(Records excerpted from a collection)
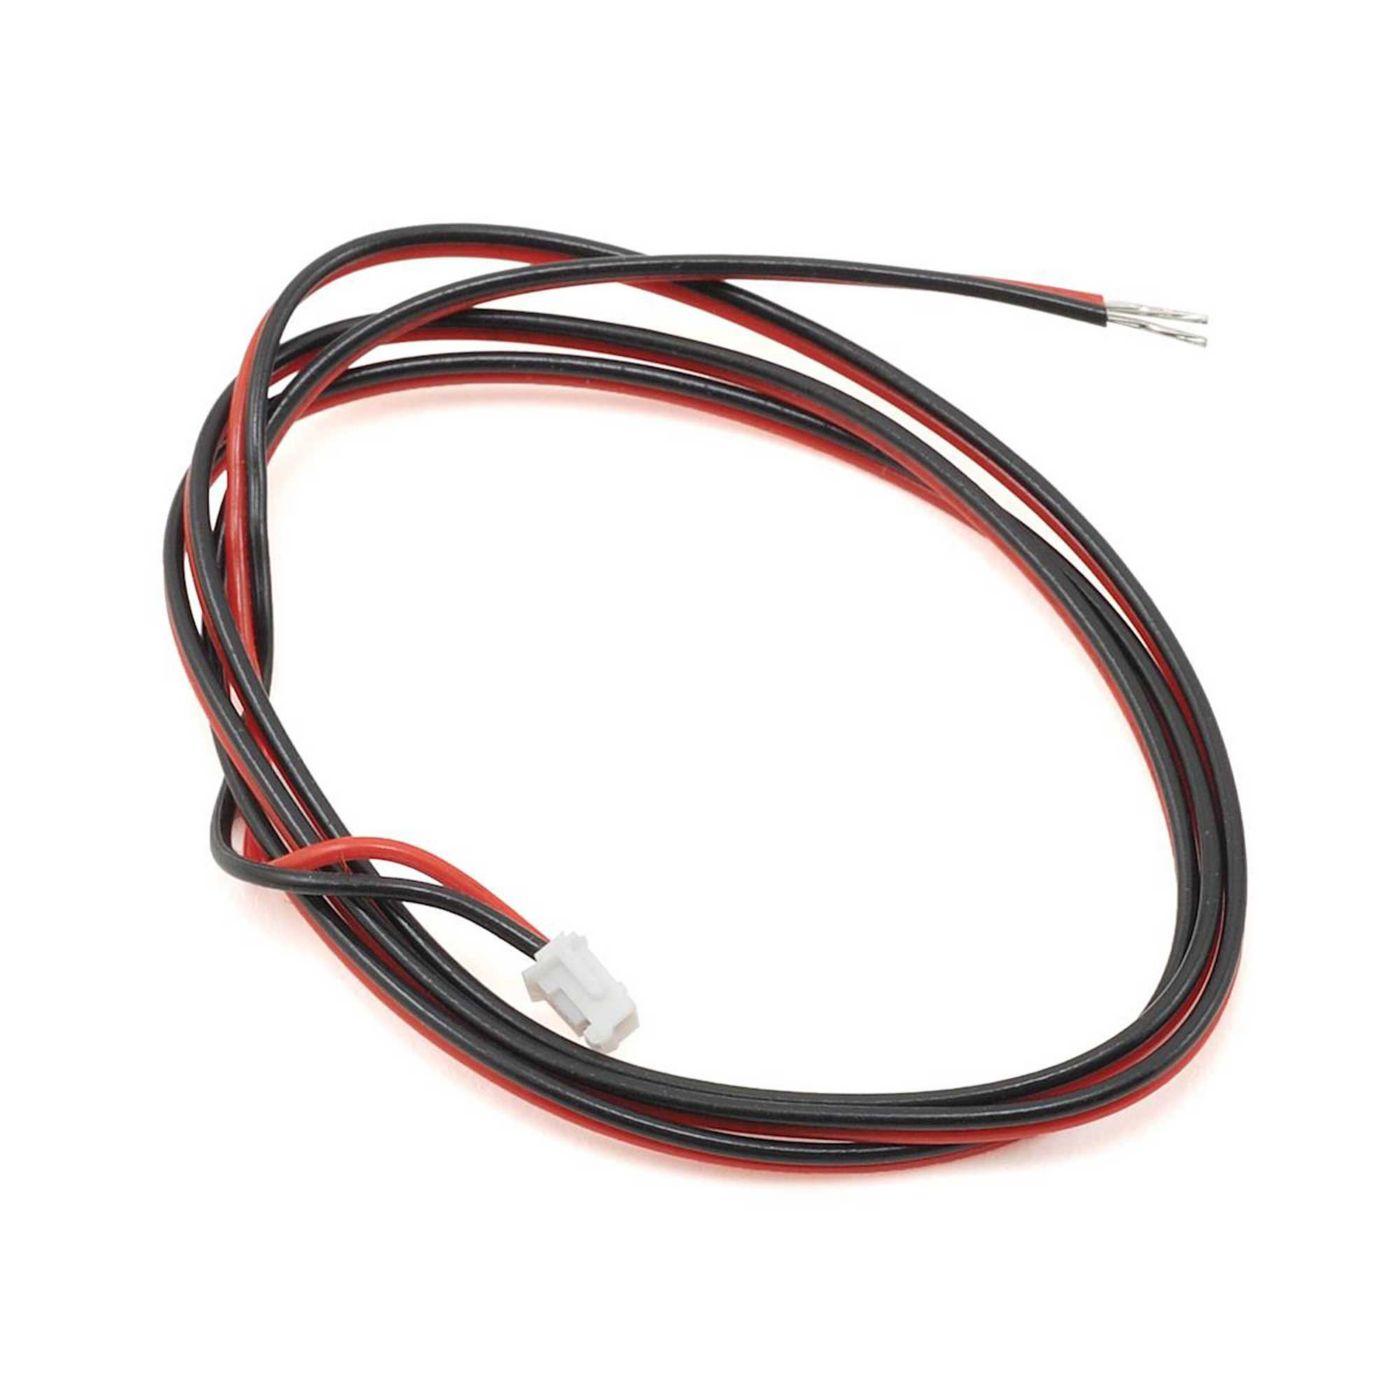 Spektrum SPMA9570A Aircraft Telemetry Flight Pack Voltage Sensor-2pin DX6R
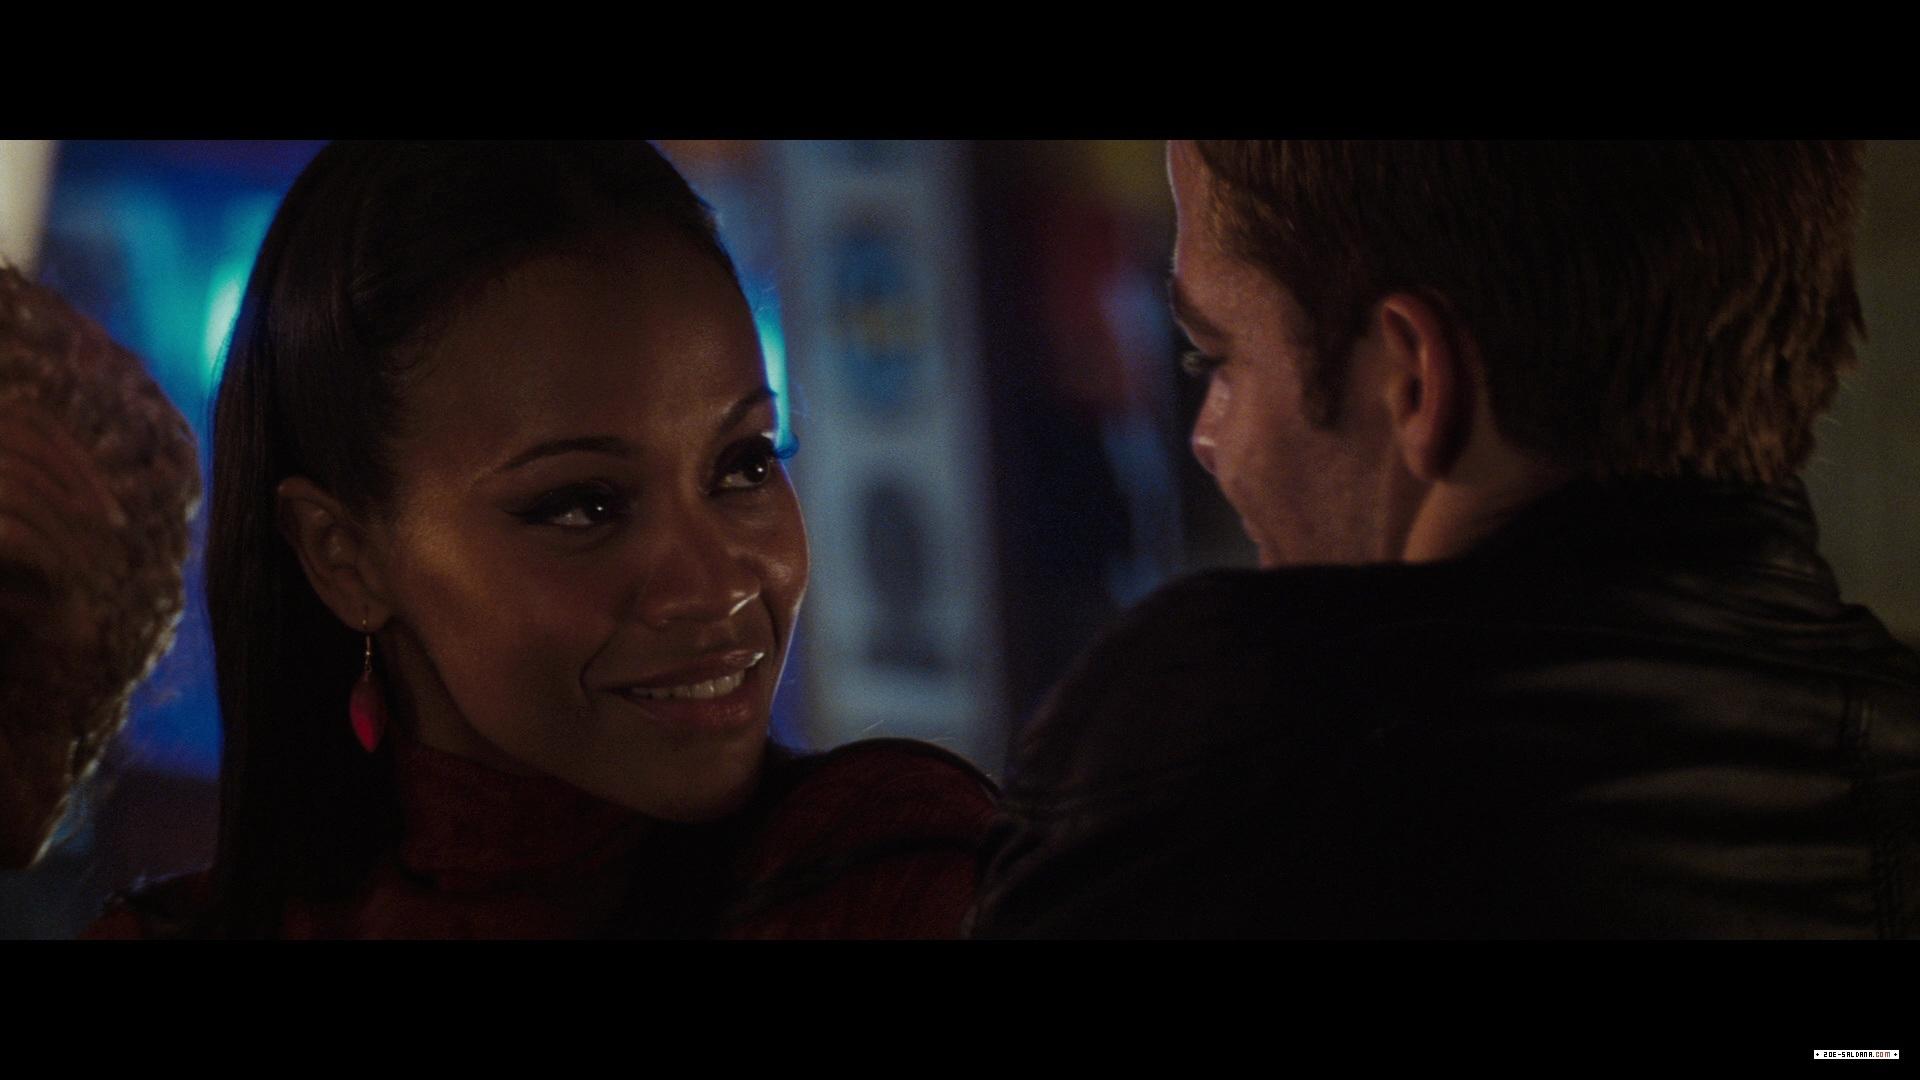 Zoe-Saldana-Star-Trek-screencaps-zoe-saldana-9859535-1920-1080 jpgZoe Saldana Star Trek
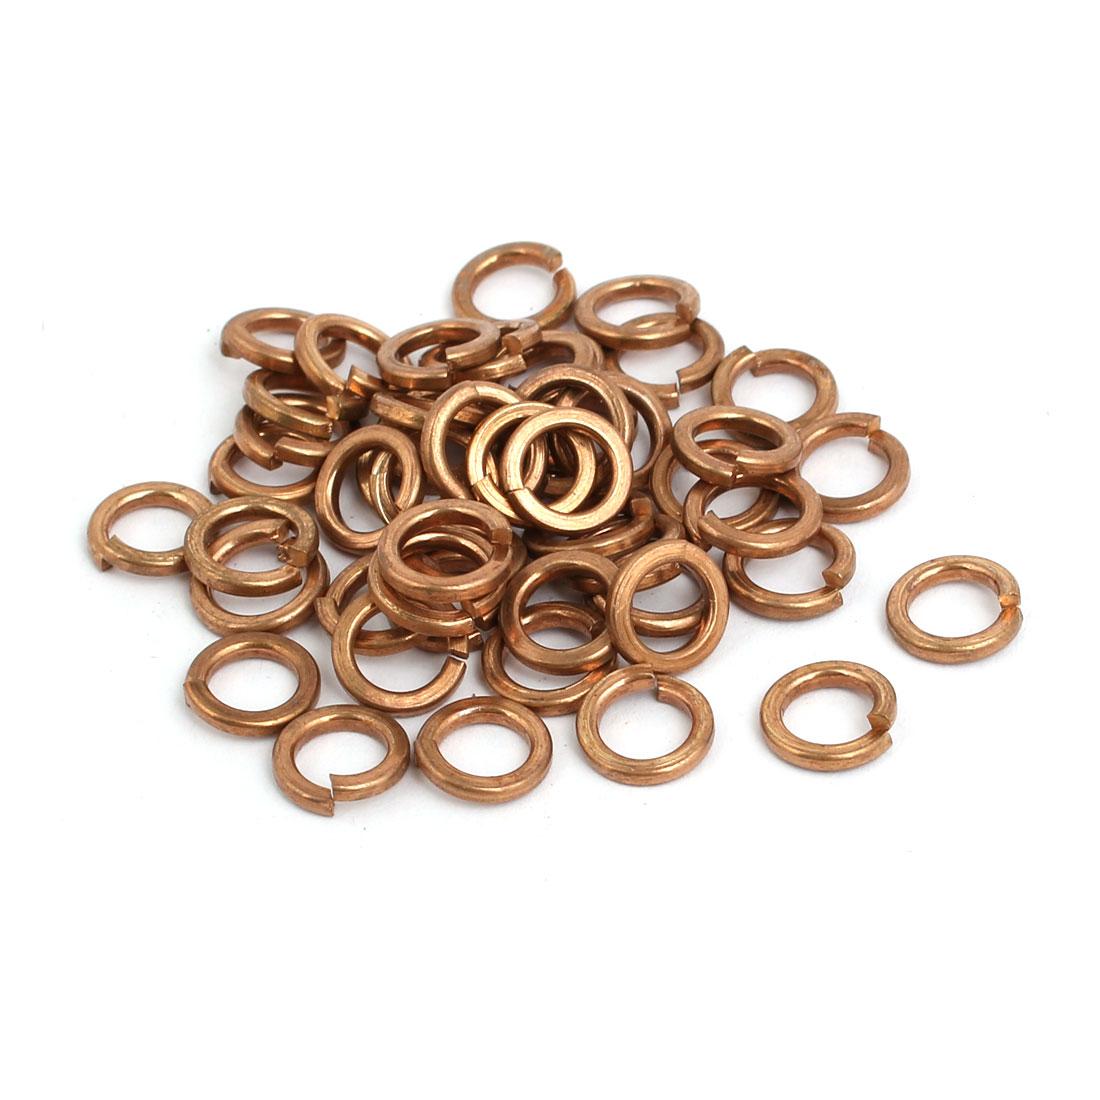 50pcs 5mm Inner Dia Brass Split Lock Spring Washer Ring Gasket Copper Tone
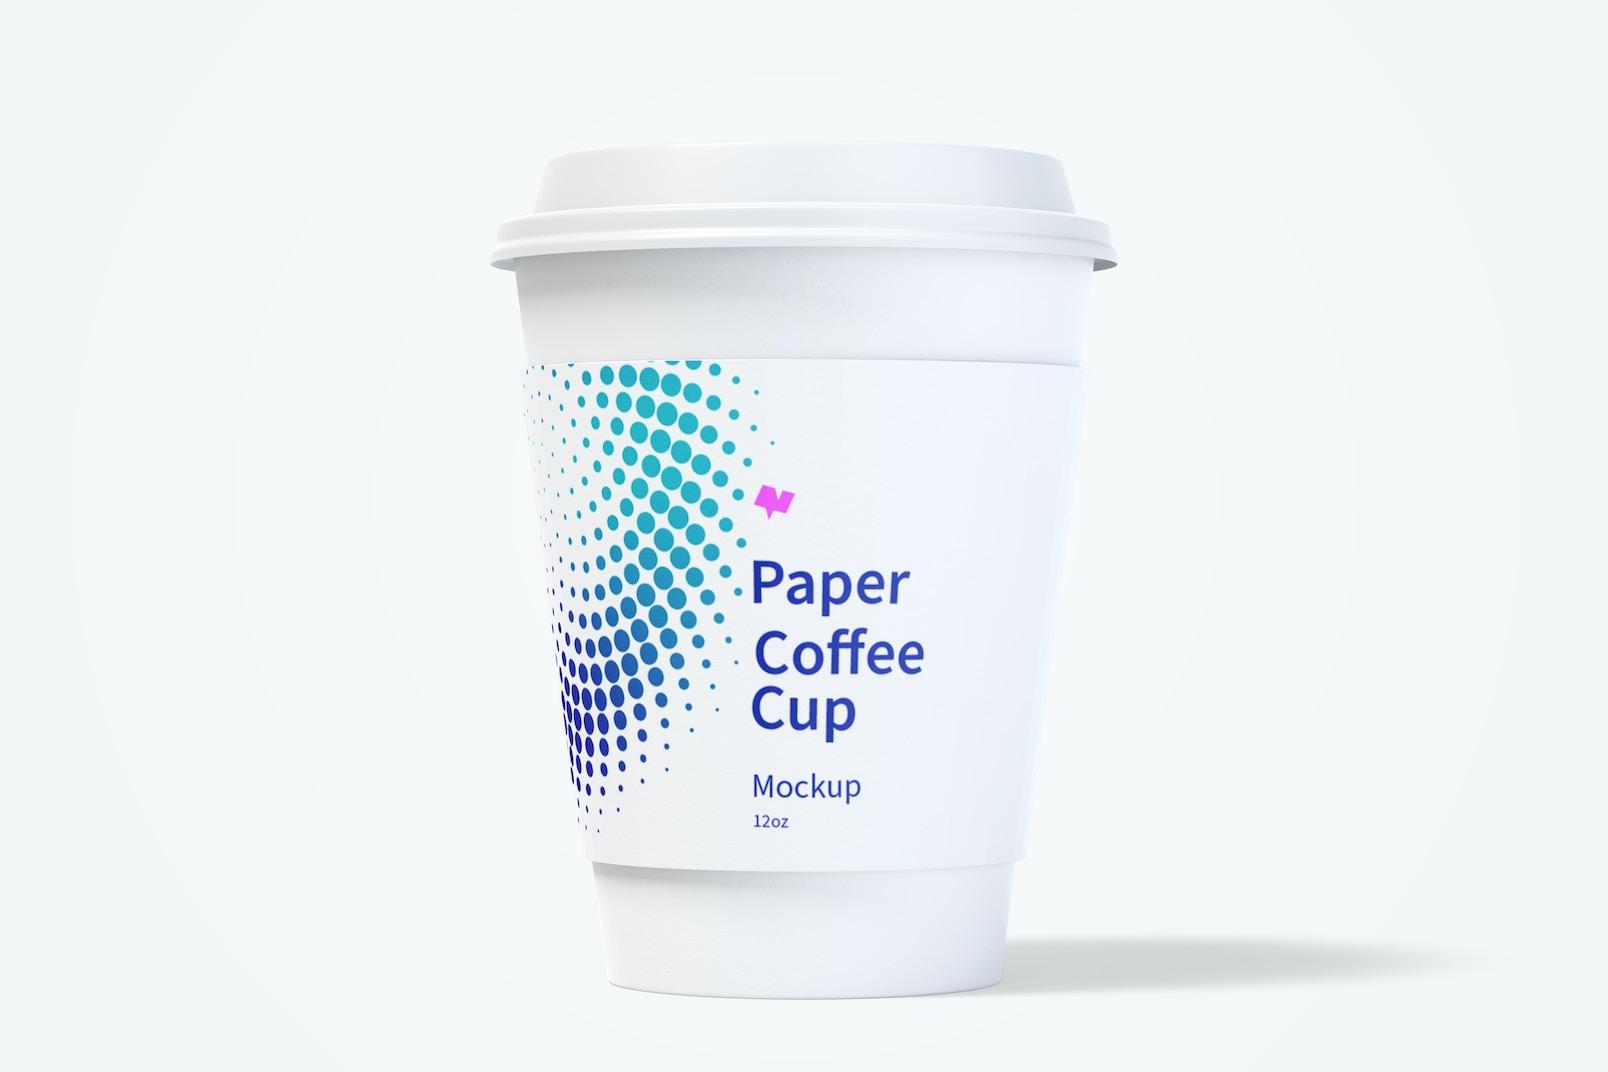 12oz Paper Coffee Cup Mockup
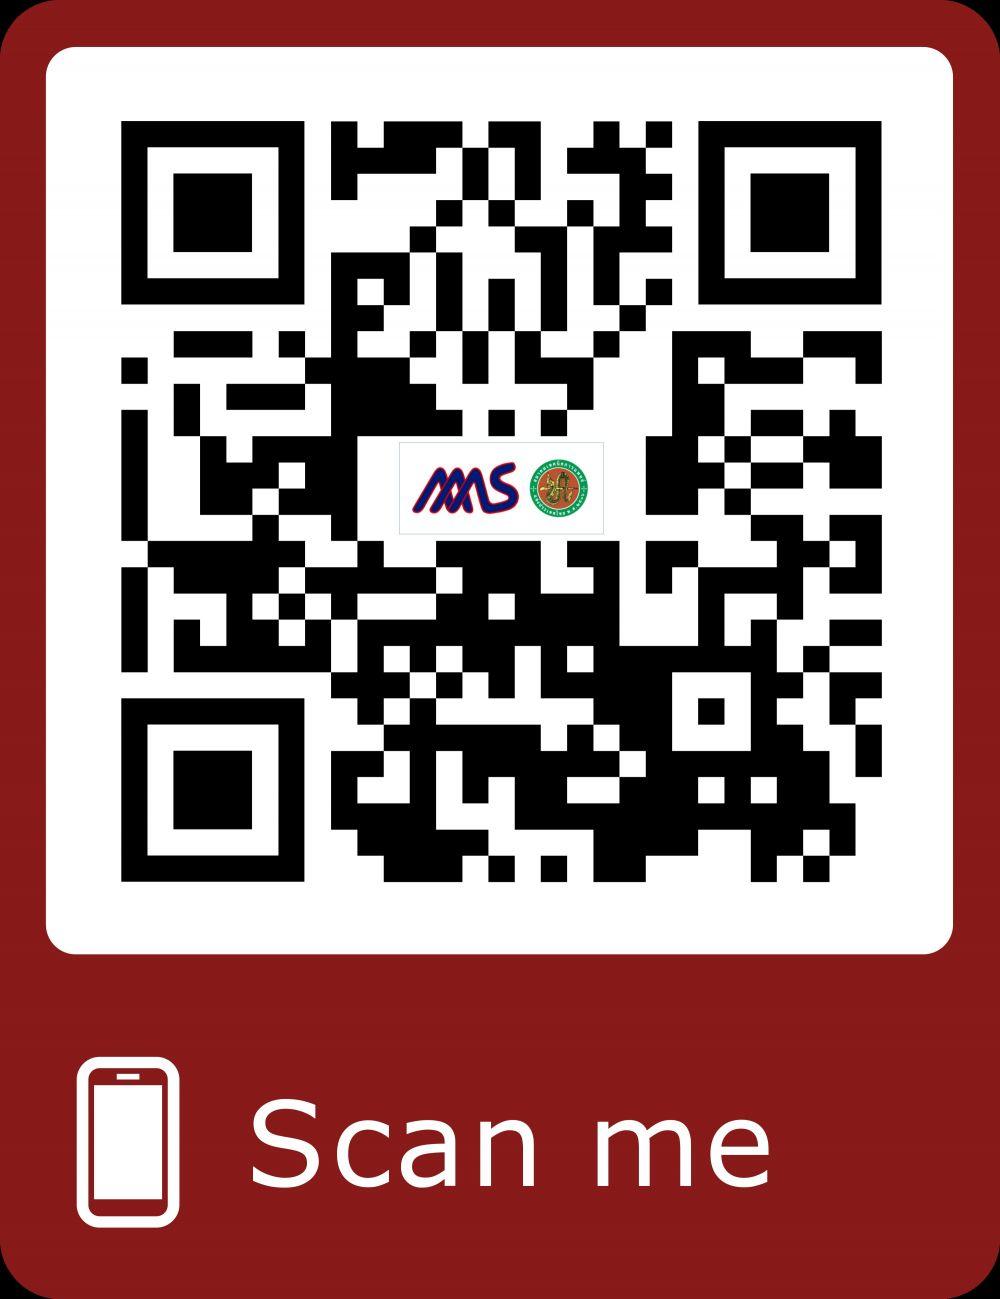 QRcode_43AMTT_AAMLS2019_Speaker_s_Hand-out.png

| WORK REQUEST |
Please restate each entry exactly, but drop any picture it holds.

| EXPECTED ANSWER |
 Spektrum SPMA9570A Aircraft Telemetry Flight Pack Voltage Sensor-2pin DX6R
 Zoe-Saldana-Star-Trek-screencaps-zoe-saldana-9859535-1920-1080 jpgZoe Saldana Star Trek
 50pcs 5mm Inner Dia Brass Split Lock Spring Washer Ring Gasket Copper Tone
 12oz Paper Coffee Cup Mockup
 QRcode_43AMTT_AAMLS2019_Speaker_s_Hand-out.png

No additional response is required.